Hi,
I looked at tika-server in a bit more detail, and I'm a bit concerned
about the dependency overhead it needs for the JAX-RS support:
+- org.apache.cxf:cxf-rt-frontend-jaxrs:jar:2.5.2
+- org.apache.cxf:cxf-common-utilities:jar:2.5.2
| +- org.apache.ws.xmlschema:xmlschema-core:jar:2.0.1
| \- org.codehaus.woodstox:woodstox-core-asl:jar:4.1.1
| \- org.codehaus.woodstox:stax2-api:jar:3.1.1
+- org.apache.cxf:cxf-api:jar:2.5.2
| +- org.apache.neethi:neethi:jar:3.0.1
| \- wsdl4j:wsdl4j:jar:1.6.2
+- org.apache.cxf:cxf-rt-core:jar:2.5.2
| +- com.sun.xml.bind:jaxb-impl:jar:2.2.4-1
| \- org.apache.geronimo.specs:geronimo-javamail_1.4_spec:jar:1.7.1
+- org.springframework:spring-core:jar:3.0.6.RELEASE
| \- org.springframework:spring-asm:jar:3.0.6.RELEASE
+- javax.ws.rs:jsr311-api:jar:1.1.1
+- org.apache.cxf:cxf-rt-bindings-xml:jar:2.5.2
+- org.apache.cxf:cxf-rt-transports-http:jar:2.5.2
| +- org.apache.cxf:cxf-rt-transports-common:jar:2.5.2
| \- org.springframework:spring-web:jar:3.0.6.RELEASE
| +- aopalliance:aopalliance:jar:1.0
| +- org.springframework:spring-beans:jar:3.0.6.RELEASE
| \- org.springframework:spring-context:jar:3.0.6.RELEASE
| +- org.springframework:spring-aop:jar:3.0.6.RELEASE
| \- org.springframework:spring-expression:jar:3.0.6.RELEASE
\- org.codehaus.jettison:jettison:jar:1.3.1
+- org.apache.cxf:cxf-rt-transports-http-jetty:jar:2.5.2
+- org.eclipse.jetty:jetty-server:jar:7.5.4.v20111024
| +- org.eclipse.jetty:jetty-continuation:jar:7.5.4.v20111024
| \- org.eclipse.jetty:jetty-http:jar:7.5.4.v20111024
| \- org.eclipse.jetty:jetty-io:jar:7.5.4.v20111024
| \- org.eclipse.jetty:jetty-util:jar:7.5.4.v20111024
+- org.eclipse.jetty:jetty-security:jar:7.5.4.v20111024
\- org.apache.geronimo.specs:geronimo-servlet_2.5_spec:jar:1.1.2
That's about 7MB of middleware code.
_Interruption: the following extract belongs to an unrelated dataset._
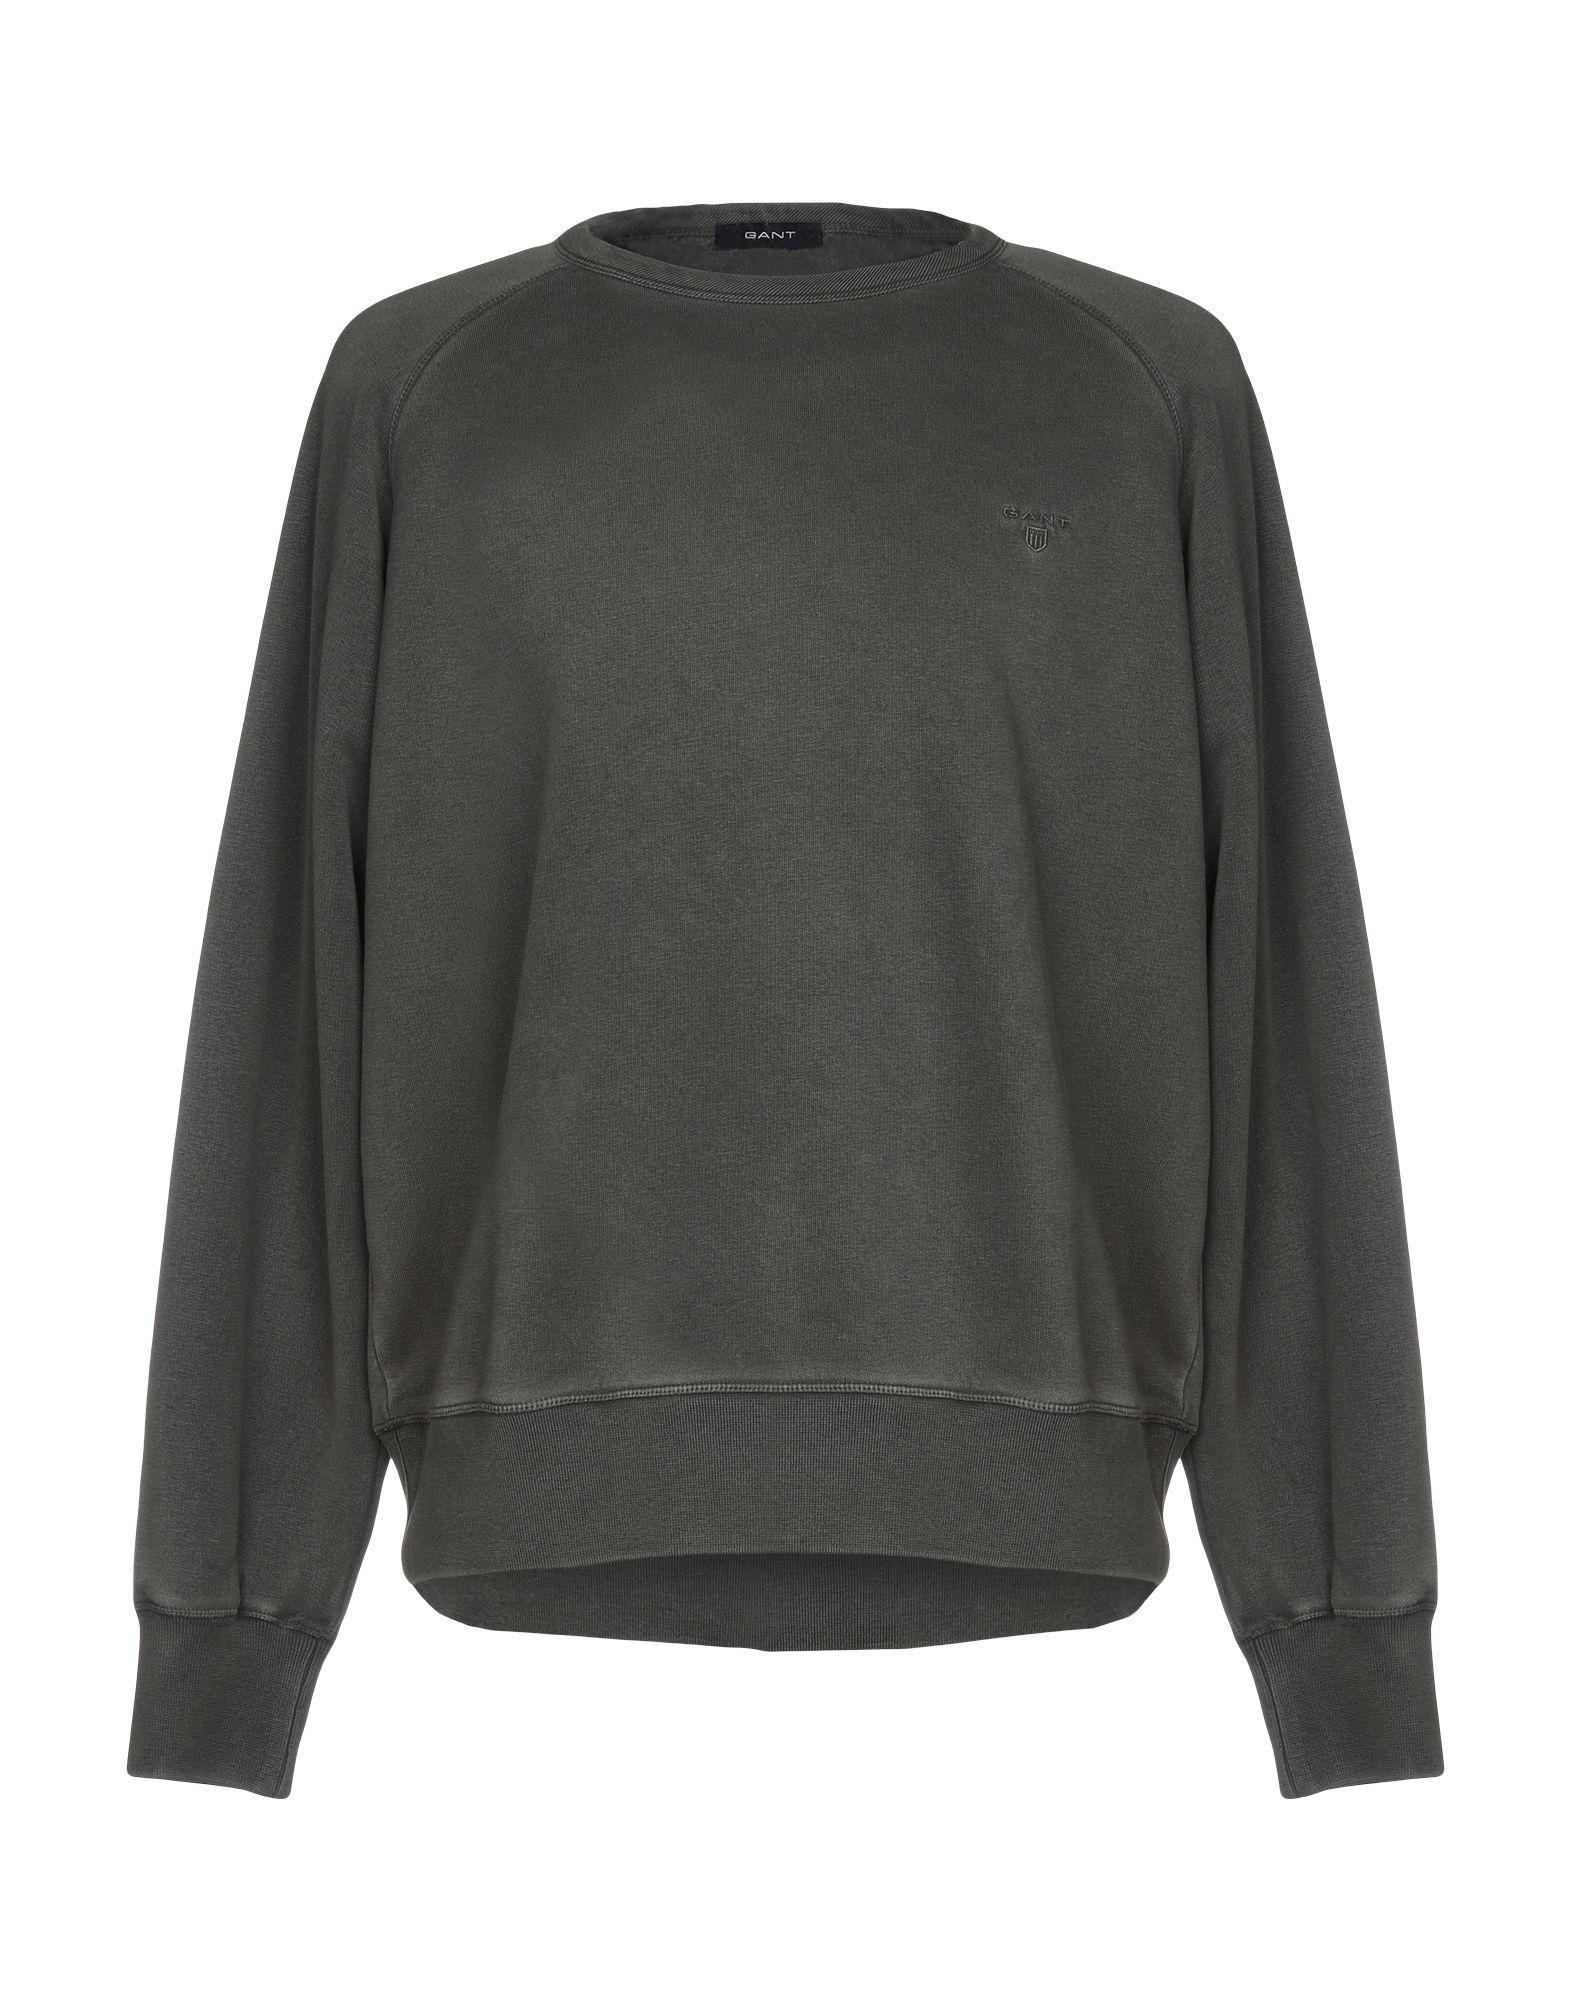 f1777530d7b Lyst - Gant Sweatshirt in Gray for Men
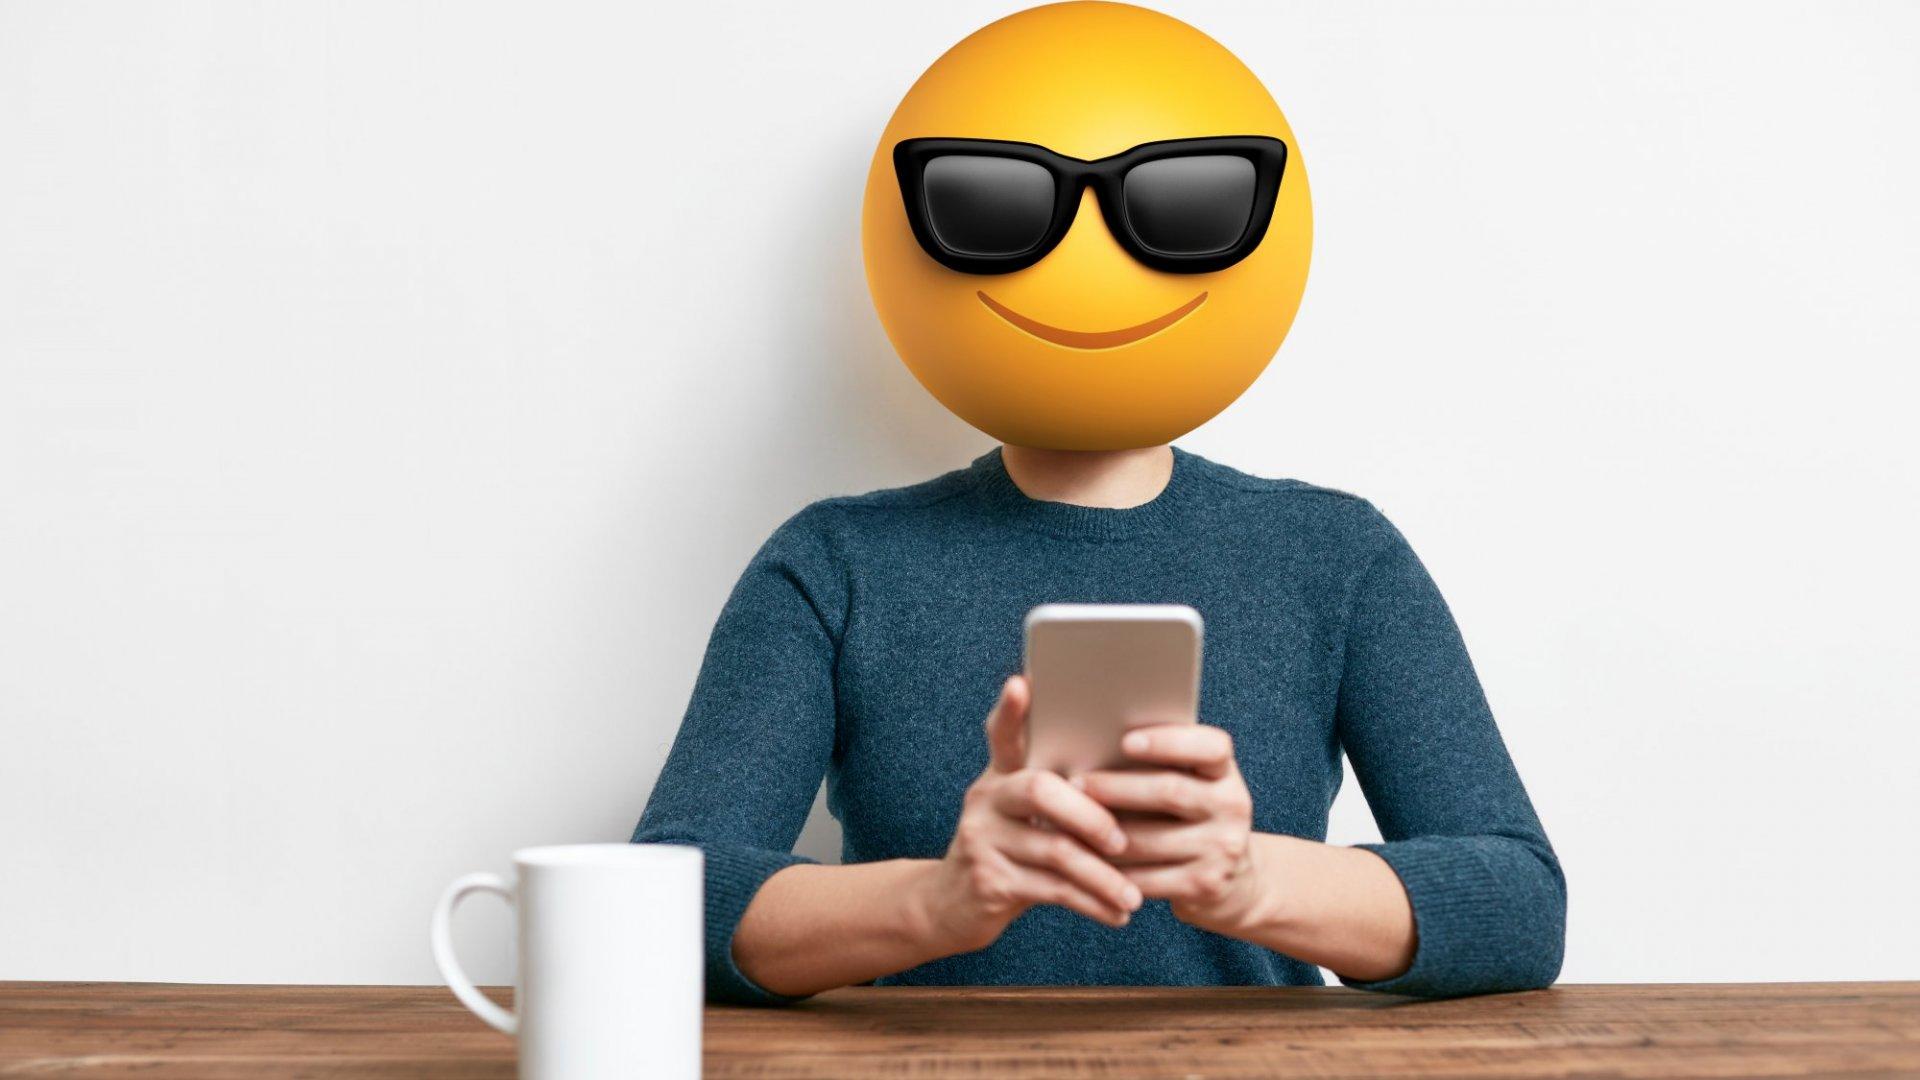 The next emoji millionaire.

Do we really need all this? If
yes, who's going to review the licensing of all these dependencies and
come up with appropriate LICENSE/NOTICE files to include in the
tika-server jar?
The services exposed by tika-server are pretty simple and
straightforward, so I'm wondering if we could just replace all of the
above with just an embedded Jetty server, or even just the HttpCore
library [1].
[1] http://hc.apache.org/httpcomponents-core-ga/
BR,
Jukka Zitting